Friday, November 23, 2012

B.A.R. Fort Lee Retreat to Victory!

Good day everyone!

Well now that Thanksgiving is over I figured I’d give my AAR of the recent Fort Lee Retreat to Victory! 

Even though we are a New York Regiment, I am one of the few members who reside in New Jersey.  I often worked in Fort Lee as a contractor in my college years but never knew the story of what took place here.  This small city on the heights above the Hudson River tells a bigger story than just urban sprawl.  It was here that the great retreat started across New Jersey that eventually led to the banks of the Delaware River and Washington’s crossing.    
Fort Lee was designed to defend the Hudson River from British use by creating a field of cannon fire from above.  Together with Fort Washington on the Manhattan side, the American’s goal was to stop any British ships from heading north.  This was a sound plan until things began to deteriorate for the Americans.  Repeated losses at in New York caused the evacuation of most of the troops with only Fort Washington remaining.  The hope was that this fort would be able to withstand attacks and continue to serve its Hudson protecting service.

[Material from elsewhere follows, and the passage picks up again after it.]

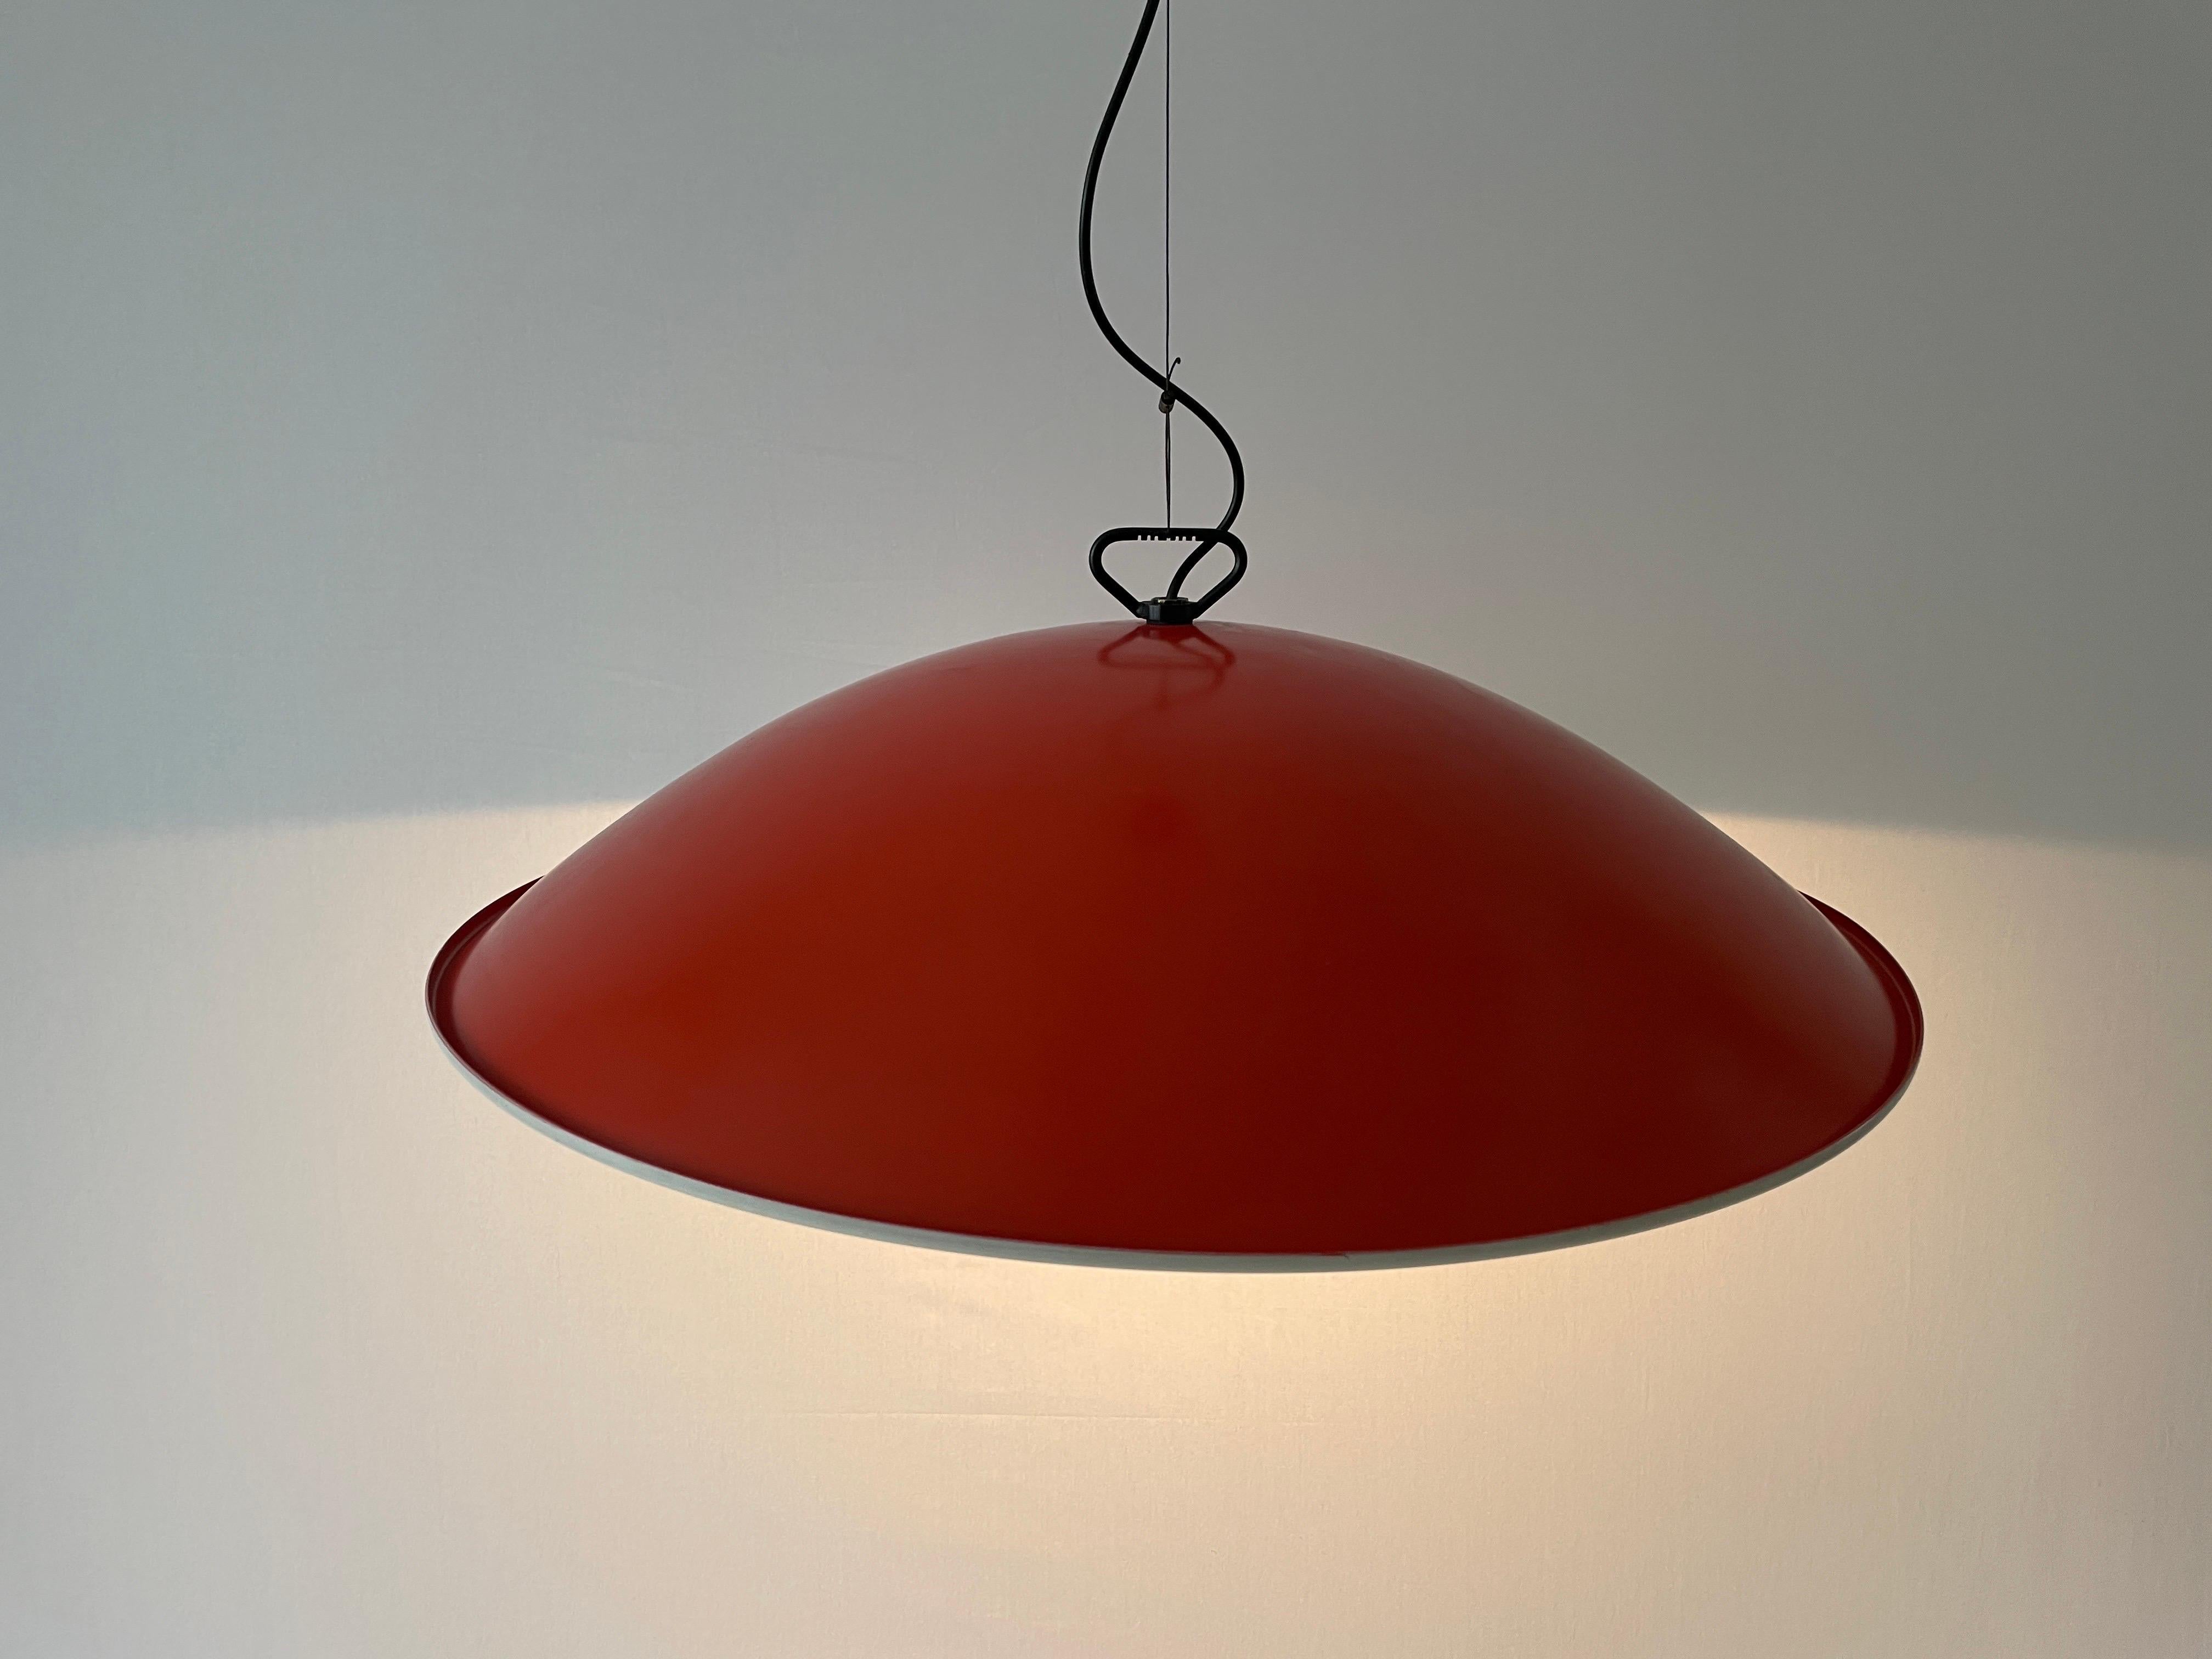 XXL Orange and White Metal Large Hotel Pendant Lamp, 1960s, Italy For Sale 6
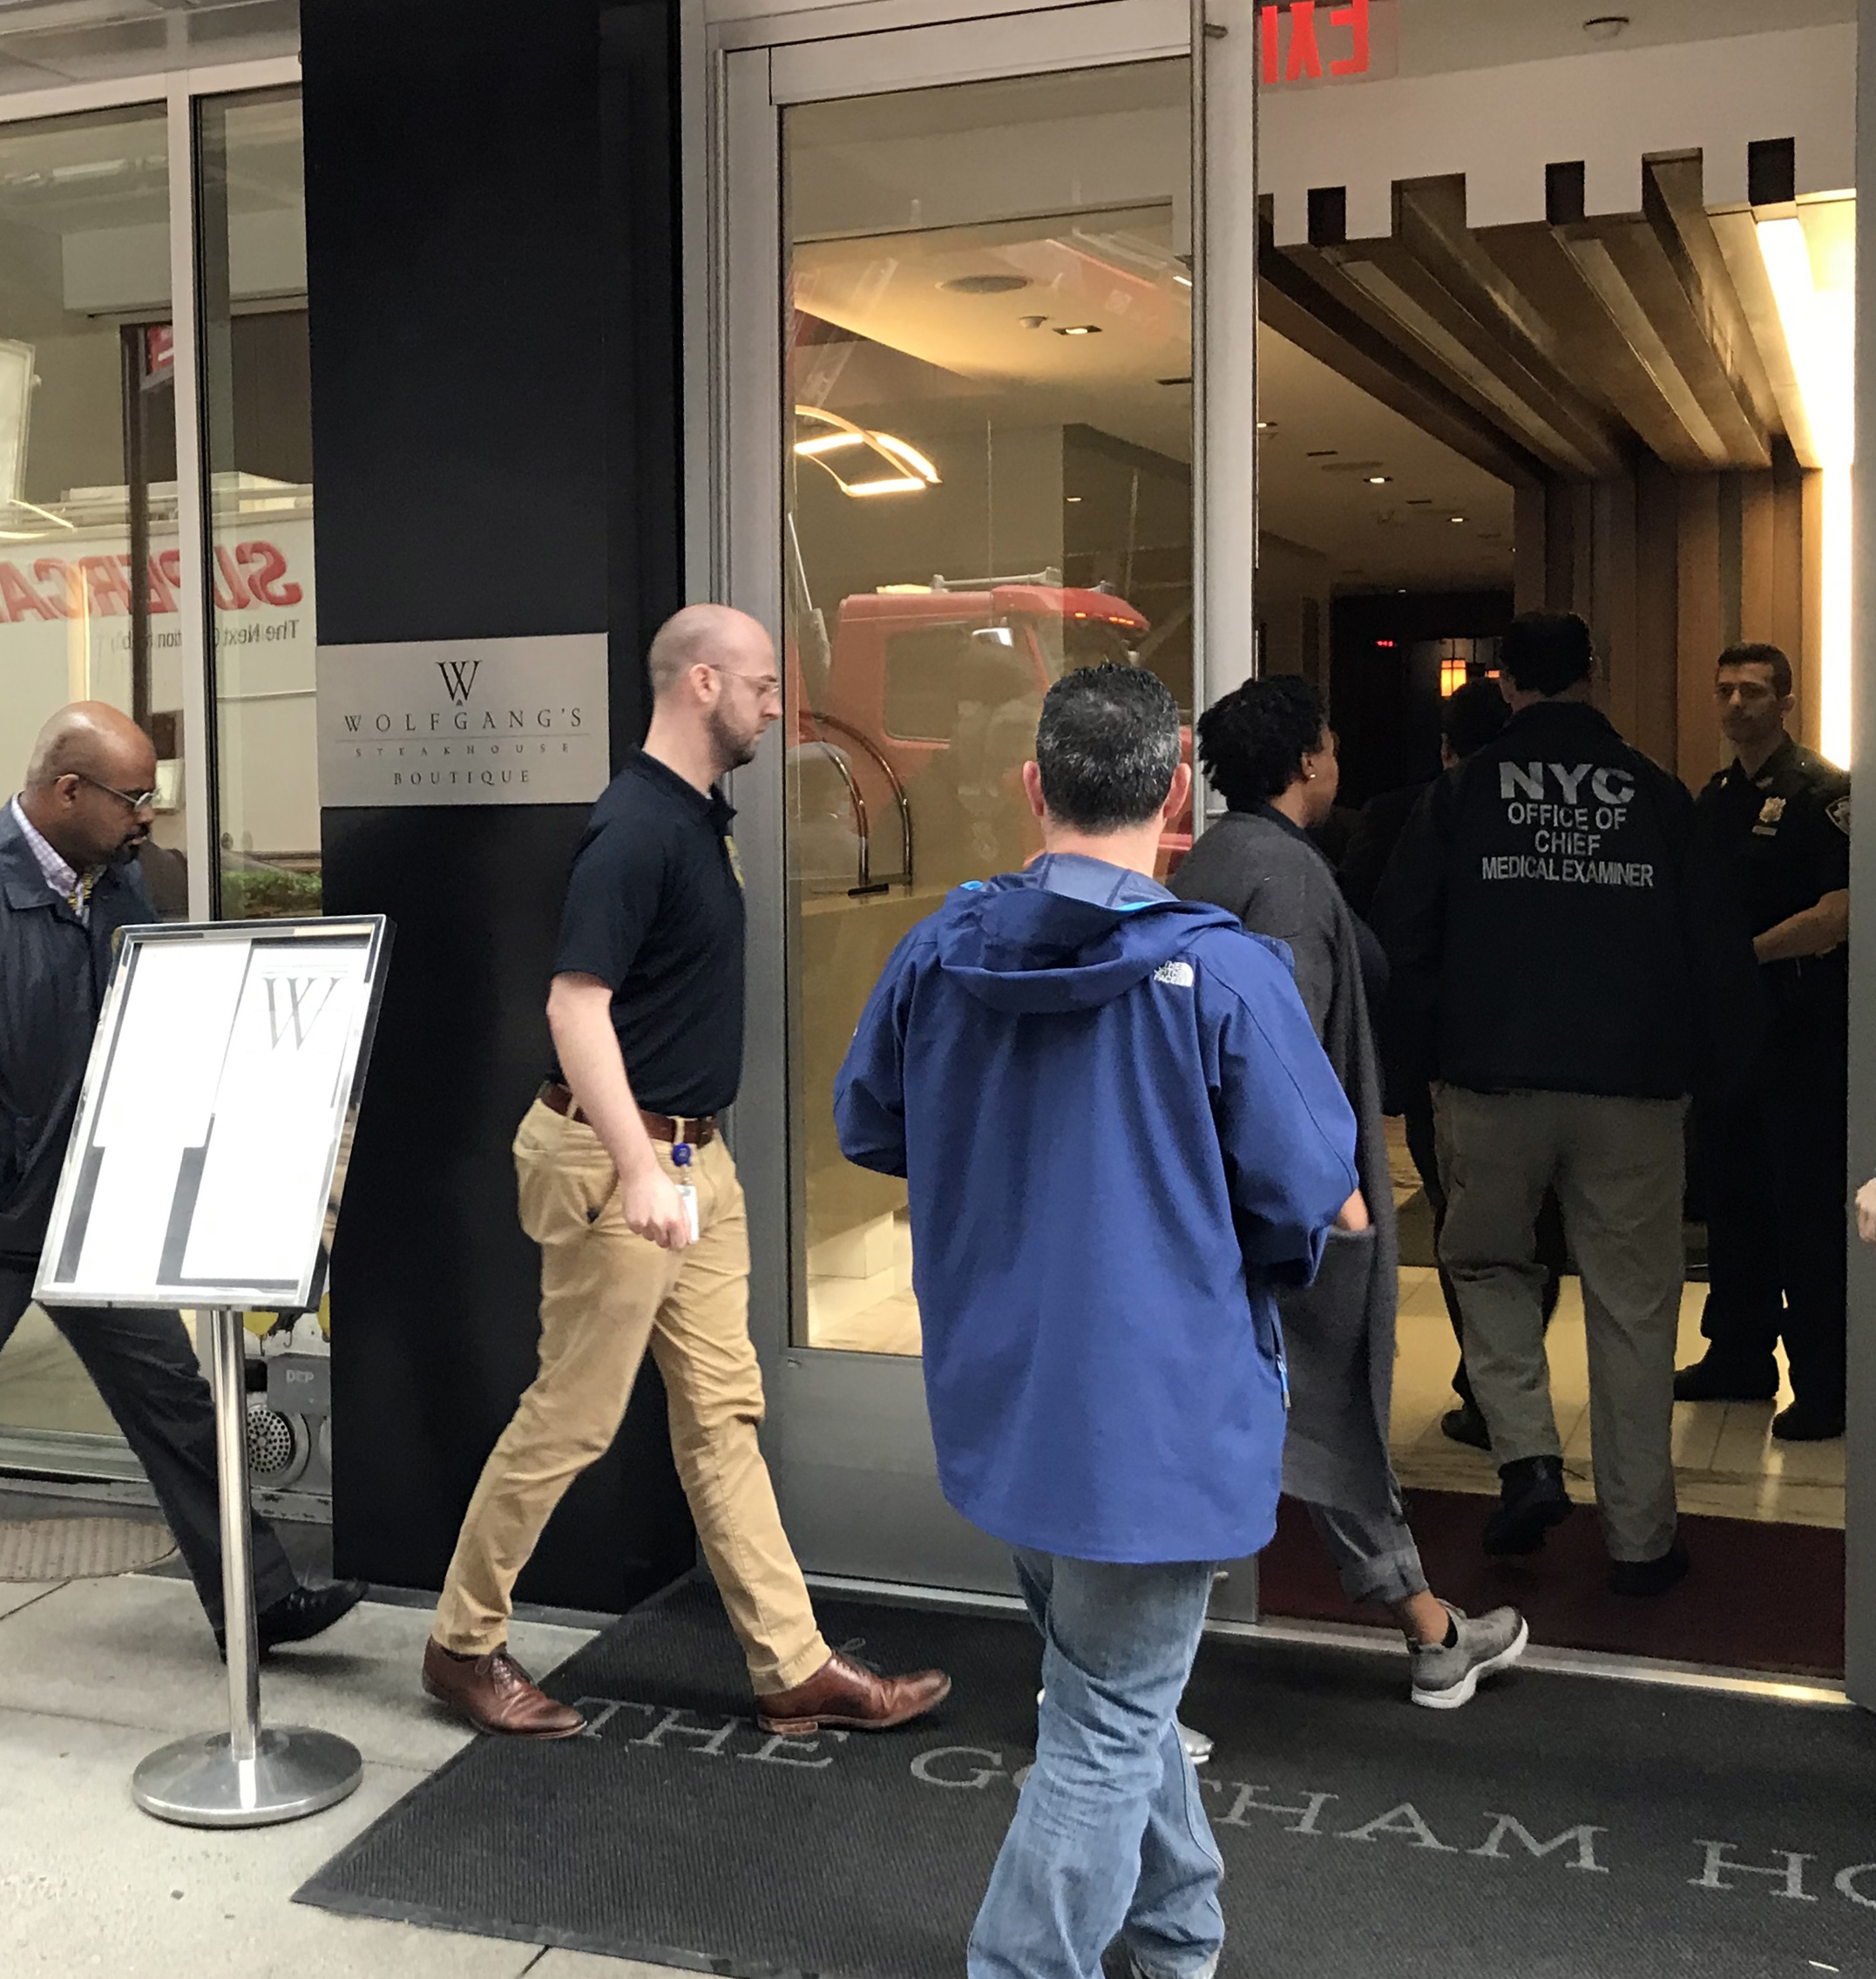 PHOTO: Authorities from the New York City Office of the Chief Medical Examiner enter the Gotham Hotel in New York after reports that a woman jumped from the building with a child on May 18, 2018.

HMS Phoenix, Roebuck and Tartar, accompanied by two smaller vessels, forcing their way through a cheval-de-frise on the Hudson River with the Forts Washington and Lee and several batteries on both sides. The painting is a copy by Thomas Mitchell after the original rendering of the subject, a scene from the American Revolutionary War, by Dominic Serres the Elder.

On November 16, 1776 Fort Washington fell with most of its garrison captured. This was a major blow to the American cause as it rendered Fort Lee rather defenseless.    Three days later on the 19th of November, Washington evacuates Fort Lee as the British land roughly 5,000 troops nearby.  And so begins the famous chase across New Jersey.  We will see how that ends!
I showed up to Fort Lee Historic Park and met with other members of the 5th New York.  We ran into many friends that day from the other Regiments, some even as far away as Rhode Island!  We were there, the 2nd NY, the 3rd New Jersey, the RI boys, the 4th Battalion NJ Volunteers, I want to say the 22nd Regiment  Of foot?  Buff facings on red coats.  I also want to say Butler’s rangers as well as a handful of other Loyalists. There were also a few members of what looked like the 23rd Welch Fusiliers and even some Hessians!  Always a pleasure to see the Hessians.   

Photo by Gary Vorwald

We talked with the public all day and did musket firing demonstrations and drills. A beautiful museum complemented the grounds.  Inside the visitor’s center were demonstrations and tables set up representing all walks of life during the revolutionary war.  Even George Washington’s map makers were there showing their skills in fine form.  Lamb’s Artillery was on hand and fired a 3 pounder, an 8 inch mortar, an 18 pounder, and 32 pounder cannons!   It was an excellent demonstration.  Mott’s Artillery repeated the firing the next day.  It is always a good show by the artilleryman.

By noon all of the regiments, Crown and Rebel alike, gathered and proceeded to march to the memorial in Fort Lee.  Dignitaries gave speeches and we all let off a massive brigade volley under B.A.R. commander Mark Hurwitz.  It was a spectacular volley!   Upon completion of ceremonies we had cider and donuts and headed back to the Historic Park for battle preparations!
As the bell chimed 3 o’clock the Americans formed up and decided it would behoove us to recapture our blockhouse from those pesky Brits and Tories.  Onward!
We advanced in line and at first a company of Loyalists came to meet us. Skirmishers were sent out on both sides as the general advance took place.  Shots fired and eventually when in range the Companies began volley fire.   Firing by sections gave a great show to the audience as the battle progressed and even with British reinforcements the Americans pushed them back into the blockhouse.   It was here they shut themselves in and we surrounded the building awaiting their surrender.

Photo by Gary Vorwald

The problem arose when they refused!   Luckily a soldier produced a grenade in an attempt to bust them out of the blockhouse!  Unfortunately for the Americans they also were waiting with a bucket of water and spilled it out on our grenadier!   A tough nut to crack!  With some cunning thought, an American solider placed his hat on a stick and stuck it towards the window in an attempt to distract the green coats while we infiltrated the bottom floor. 

Photo by Gary Vorwald

It was at this point I was shot in the shoulder and put out of commission! I do not know the outcome but was dragged away by another member of my regiment.
Sunday was smaller than Saturday but the 5th had a good turnout and Mott’s artillery stole the show with their cannonade.
Overall the event was a smashing success and a blast for the public and reenactors alike.  This B.A.R. event was my first time here and most certainly won’t be my last!  The 5th New York Regiment would like to thank all of the other Regiments and groups that attended this fine event and the B.A.R. for a stellar day!